In the county the population was spread out, with 16.8% under the age of 18, 10.2% from 18 to 24, 38.3% from 25 to 44, 22.6% from 45 to 64, and 12.2% who were 65 years of age or older. The median age was 36 years. For every 100 females there were 90.3 males. For every 100 females age 18 and over, there were 87.9 males. The largest age cohort in the county was 25–29(recent college graduates).
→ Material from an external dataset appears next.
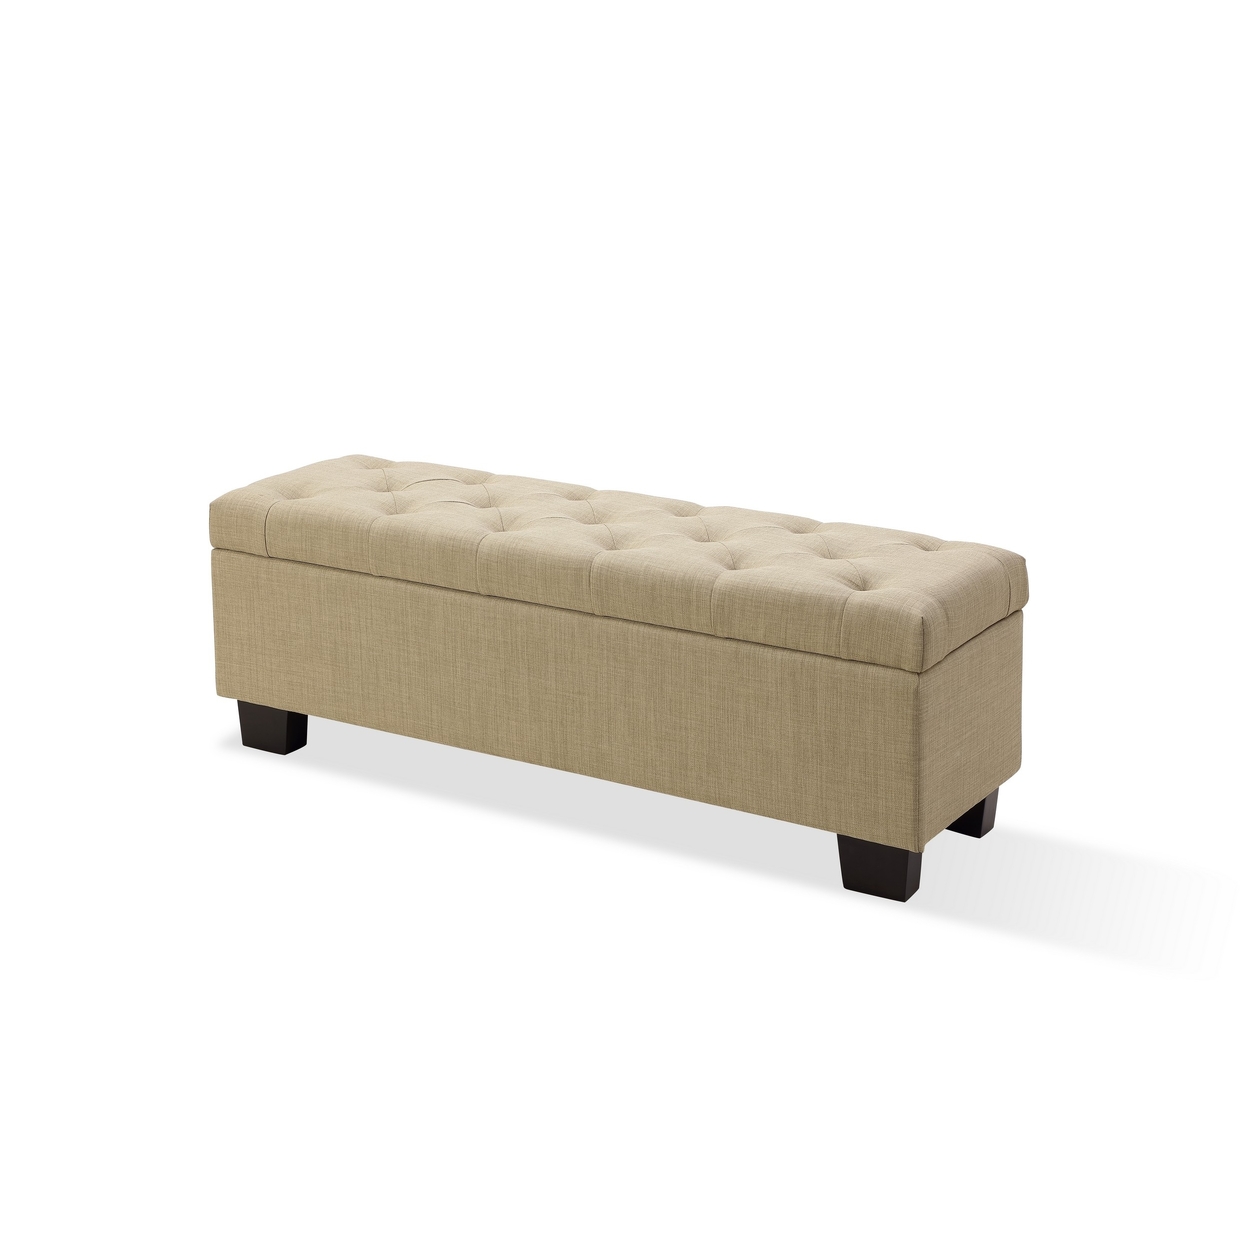 Pax 54 Inch Storage Bench, Polyester Linen, Lifting Top, Tufted, Brown - Saltoro Sherpi

The median income for a household in the county was $47,030, and the median income for a family was $50,229.
Males had a median income of $51,856 versus $45,712 for females. The per capita income for the county was $42,922. About 17.6% of families and 20.0% of the population were below the poverty line, including 31.8% of those under age 18 and 18.9% of those age 65 or over.

== Languages ==
As of 2010, 59.98% (902,267) of Manhattan residents age 5 and older spoke English at home as a primary language, while 23.07% (347,033) spoke Spanish, 5.33% (80,240) Chinese, 2.03% (30,567) French, 0.78% (11,776) Japanese, 0.77% (11,517) Russian, 0.72% (10,788) Korean, 0.70% (10,496) German, 0.66% (9,868) Italian, 0.64% (9,555) Hebrew, and African languages were spoken as a main language by 0.48% (7,158) of the population over the age of five. In total, 40.02% (602,058) of Manhattan's population age 5 and older spoke a mother language other than English.

== Religion ==
New York County is diverse religiously and ethnically. According to a report by The Association of Religion Data, the largest religious affiliation in Manhattan is the Roman Catholic Church, whose adherents constitute 564,505 persons (more than 36% of the population) and maintain 110 congregations. Jewish-Americans comprise the second largest religious group, with 314,500 persons (around 20.5%), and have 102 congregations. Other large denominations include Protestants (139,732 adherents) and Muslims (37,078).

==Population density==

As of the 2020 census, the population density of New York County was 74870.7 PD/sqmi, the highest population density of any county in the United States. In 1910, at the height of European immigration to New York, Manhattan's population density reached a peak of 101,548 /mi2.

==Daytime population==
Manhattan is a major focal point for incoming commuters and other visitors, raising the population of Manhattan during the day to 4 million people on average.